Made in secret, ‘Jafar Panahi’s Taxi’ satisfies

“Jafar Panahi’s Taxi” is the third film Panahi has created in defiance of a 2010 government ban imposed on his work as a director, and for that reason alone, this anti-censorship statement and Iranian-condition dramedy is noteworthy. It’s also 82 minutes of pithy, humane, enjoyable cinema by any standard.

As with Panahi’s “This Is Not a Film” and “Closed Curtain,” the movie isn’t a multi-location affair with actors, like the director’s “The Circle” or “Crimson Gold.” Currently under house arrest on unfounded charges of making antigovernment propaganda, Panahi now secretly shoots films that slyly circumvent the traditional definitions of filmmaking.

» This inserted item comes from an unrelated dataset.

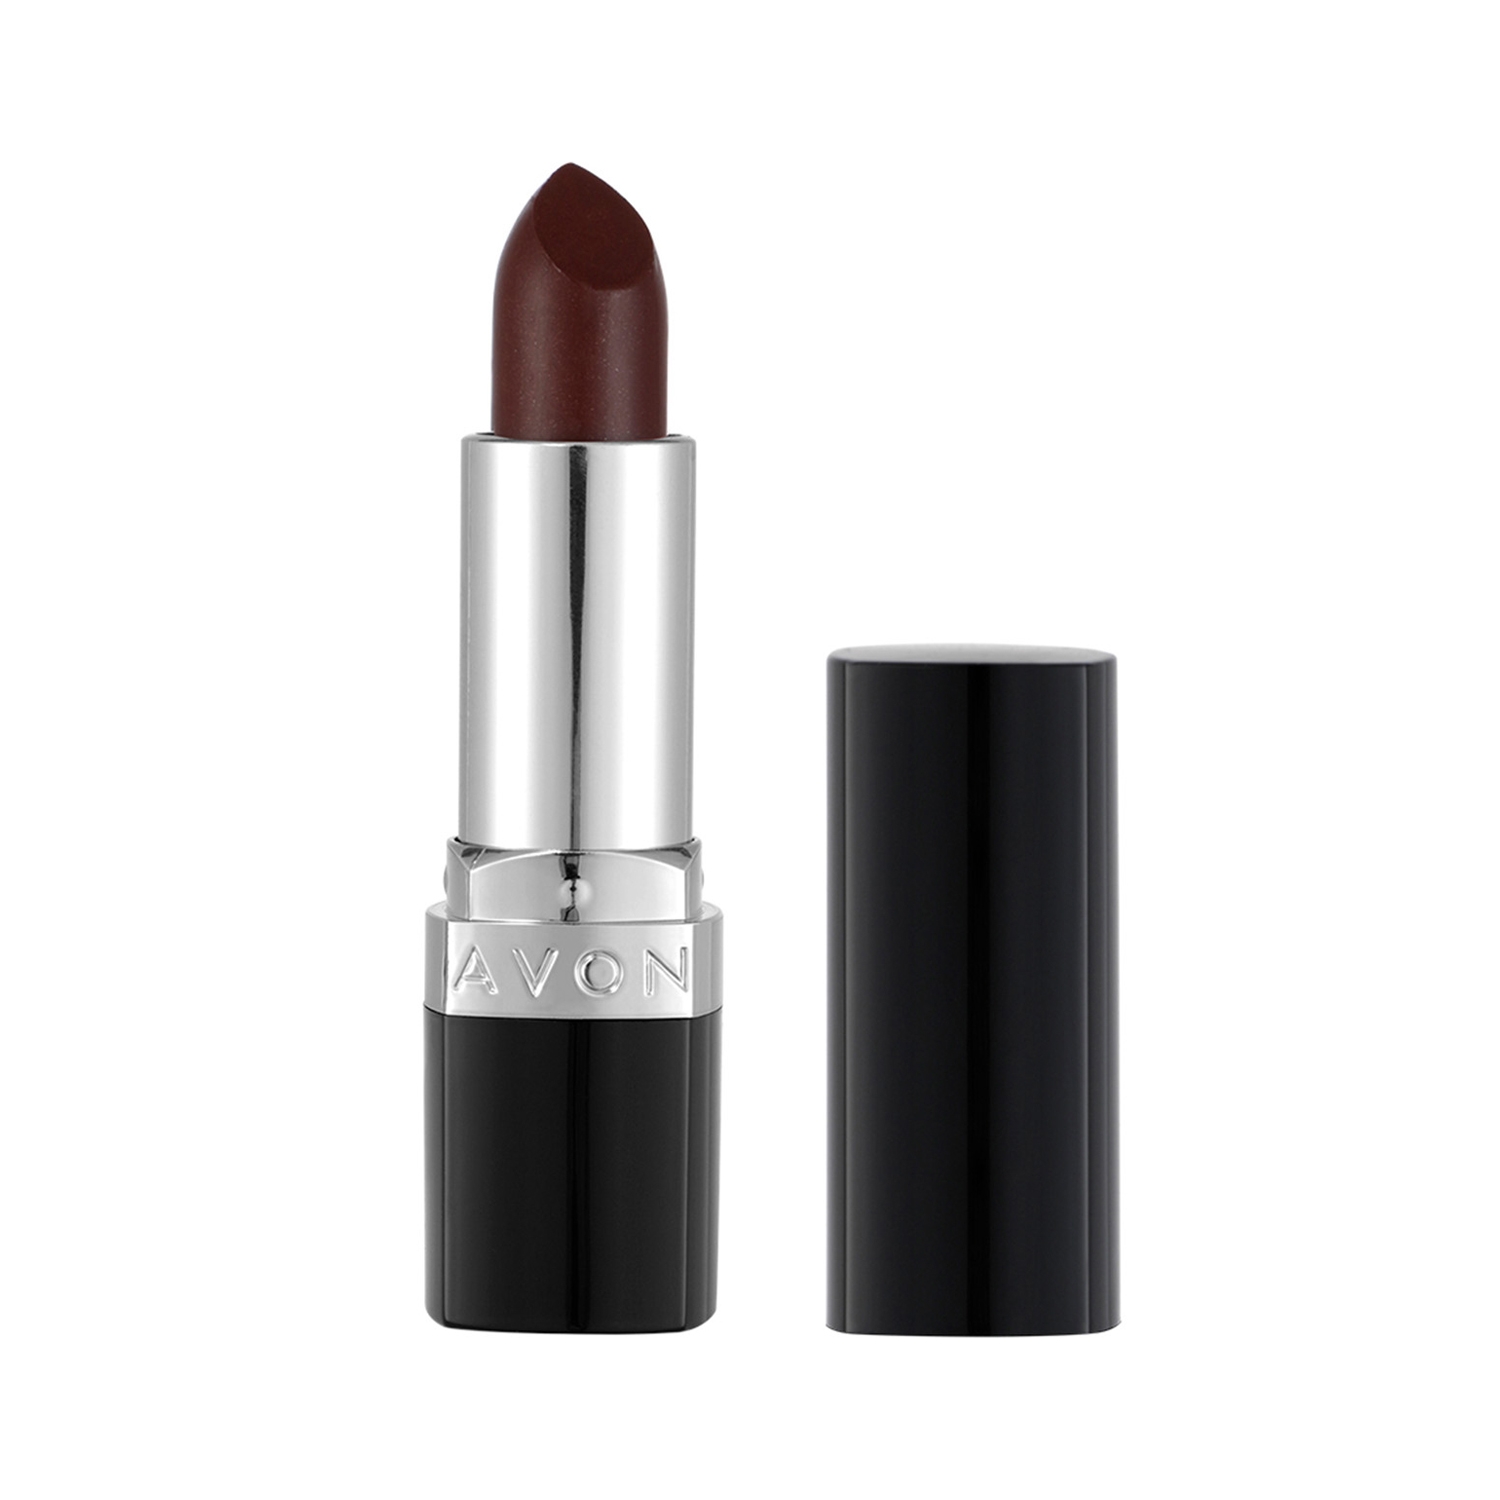 Avon | Avon True Color Lipstick SPF 15 - Deluxe Chocolate (3.8g)
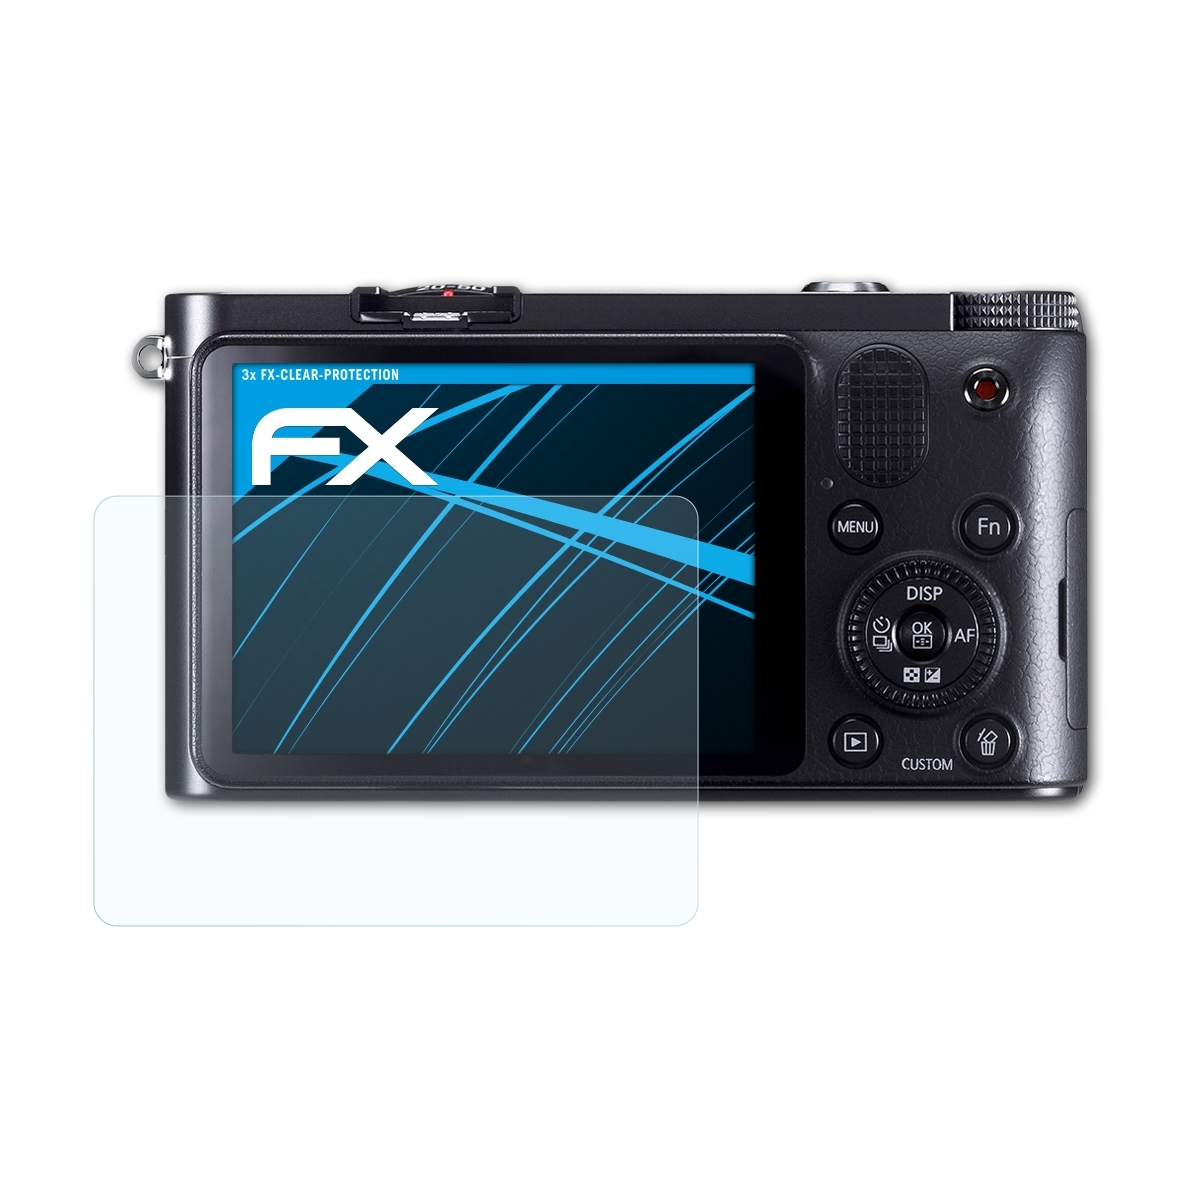 Samsung Displayschutz(für NX1100) FX-Clear 3x ATFOLIX

The fact-infused, docu-style, Tehran-set story transpires entirely inside a taxicab with camera equipment installed on the dashboard. Playing a fictional version of himself, Panahi (wearing a beret and a Zen-like smile that can’t quite mask his underlying anxiety) is driving the vehicle, badly.

Vignettes featuring passengers who represent the diversity of Iran make up the action.

Omid, who sells bootleg DVDs, recognizes Panahi as a former customer. He doesn’t buy the taxi ruse and quickly ascertains that Panahi is making a movie.

Two superstitious elderly women experience a calamity involving their goldfish bowl.

Panahi’s talky preteen niece reveals that she, too, is making a movie, as a classroom project. The girl rattles off the sometimes absurd rules she must follow. She must capture the truth, but only certain shades of it. “Sordid reality” isn’t allowed.

A rose-carrying human-rights lawyer, en route to visit a young woman arrested for attending a volleyball game alone, worries about the risk Panahi is taking. She makes pointed remarks, which she then worries may constitute “sordid realism.”

This isn’t the kind of movie Panahi would be making if he were allowed to work freely. Some vignettes are more effective than others, as are some of the performers (for safety reasons, none are credited).

Yet the film brims with vitality, humor and import. Panahi makes significant points about the government’s failure to crush him and control his art form. Passengers cite scenes and characters from Panahi’s banned films. Everyone from Panahi’s niece to a seriously wounded man dictating his last will and testament into a cellphone is making a movie of some sort. Omid views his bootleg DVDs as a service. “Without me, no Woody Allen,” he boasts.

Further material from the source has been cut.